Cormoran Strike steht kurz vor dem Abgrund. Nach der Trennung von seiner langjährigen Freundin Charlotte muss er in seinem Büro auf einer Campingliege schlafen, was die unsagbaren Schmerzen in seinem Beinstumpf, eine Verletzung aus seinem Afghanistan-Einsatz, nur noch verstärkt. Zudem steht seine Detektiv-Kanzlei ebenfalls nah vor dem Ruin, als ihm von einer Zeitarbeitsfirma auch noch eine Sekretärin zu überhöhten Konditionen vermittelt wird. Robin offenbart aber schnell nützliches Geschick im Umgang mit Klienten, deren neuester Vertreter ein Anliegen von medialer Bedeutung hat. John Bristow war der Bruder von dem tragisch in den Tod gestürzten Model Lula Landry, welche während eines Depressionsschubes Selbstmord begangen haben soll – so der Polizeibericht. Strike soll dies widerlegen und würde dafür von dem emotionalen Bruder ein königliches Honorar kassieren.

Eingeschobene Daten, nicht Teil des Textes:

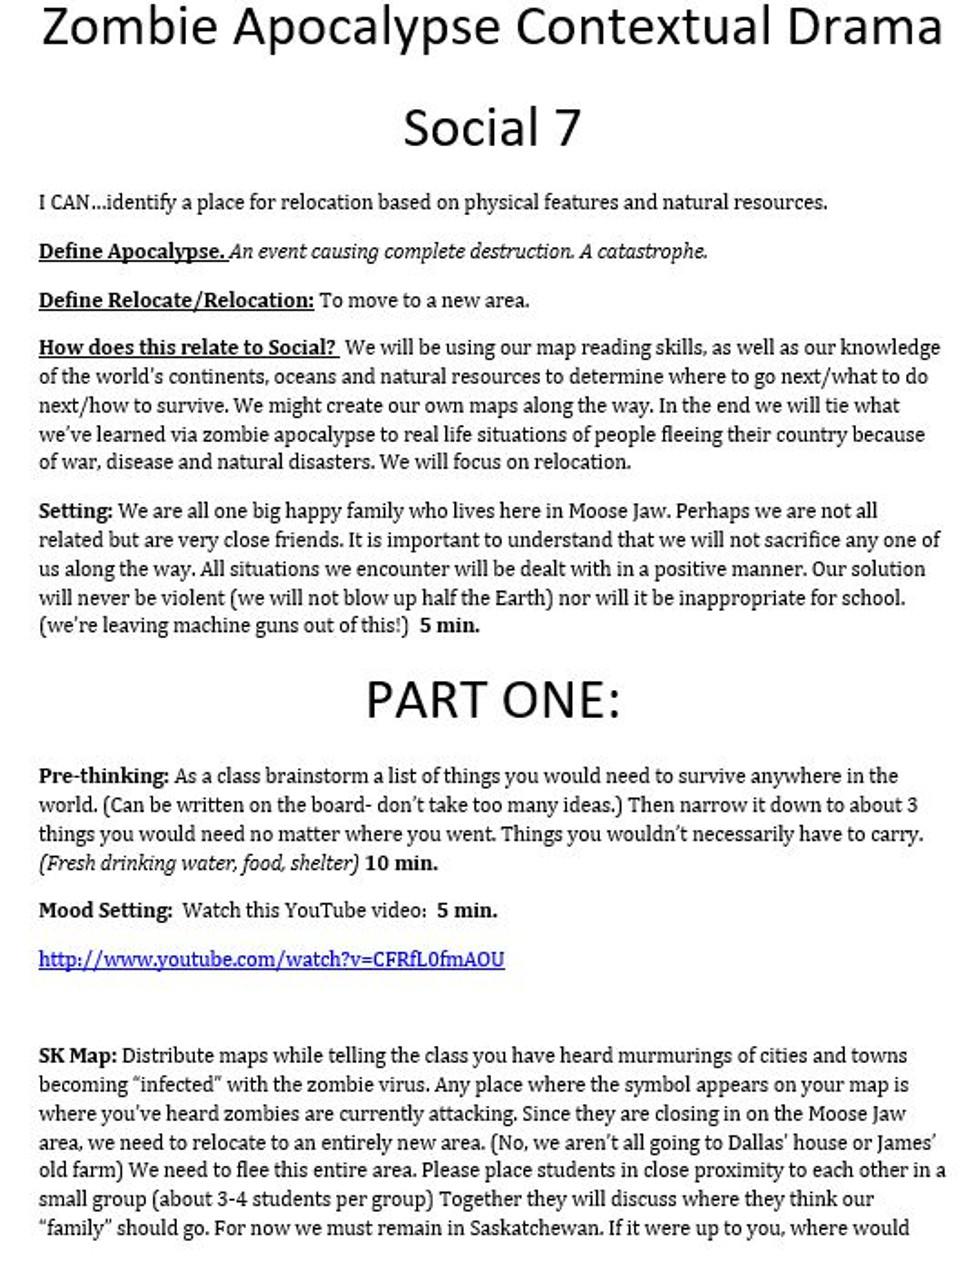 Social Studies - Zombie Apocalypse

Die größte Stärke bei dem Krimi waren die toll ausgearbeiteten Charaktere, wodurch selbst kleine Randfiguren so lebendig wie der gutmütige Bär Strike wurden, was vermutlich noch ein Relikt aus dem Fantasy-Genre darstellt, immerhin stehen die (magischen) Eigenschaften dort im Mittelpunkt. Auch die Handlung war sehr gut aufgebaut und obwohl wir eigentlich nur Zeuge von Verhören und Gesprächen wurden, war die Spannung dennoch greifbar, was mich im Mittelteil schon beinahe zu einer fünf Sterne Bewertung verleitet hätte. Selbst der Schreibstil verdient den Vermerk „besonders schön“, weil er bei mir ein Wohlfühl-Gefühl weckte, als ob ich mittlerweile schon das x-te Buch einer alten Freundin gelesen habe.

Am entscheidenden Punkt bricht das Konstrukt der perfekten Krimi-Autorin dann kläglich an der Spitze ab! Die Auflösung war für mein Empfinden viel zu konstruiert und trotz des Freifahrtscheins des Psychopathen als Mörder nicht glaubhaft. Dabei muss ich das unlogische Indiz der Wassertropfen anführen, die nur ein Superhirn aus dem Nichts deuten könnte und jeder Lektor wegen Effekthascherei besser gestrichen hätte. Ich habe zwar großes Vertrauen in Strikes Gespür und freue mich auf seinen nächsten Fall, aber Supermann, der 1 +1 zusammenzählt und nach kurzer Recherche im Internet des Rätsels Lösung hat, ist er nicht. Schade war auch, dass wir aus seinen Gedankengängen recht zeitlich ausgeschlossen wurden und im Dunkeln tappten, als er schon beinahe den Vierhaftungsauftrag erteilte.

Vier Sterne für eine Autorin, die den Sprung aus der Jugendliteratur ohne Zauberei in das nächste Level geschafft und mir wunderbar Raum für Spekulationen gegeben hat.

Kommentare

Lythanja kommentierte am 11. Januar 2014 um 23:13

Mit deiner Rezi hast du mir schon ein bisschen was verraten, ich habe es nämlich gerade auf meinem Nachttisch liegen und es wartet darauf gelesen zu werden. Ich bin gespannt wie es mir gefällt. "Ein plötzlicher Todesfall", ist bei mir damals jedenfalls sehr gut angekommen. Hast du das Buch von ihr schon gelesen? Das wird dir dann mit Sicherheit auch gefallen.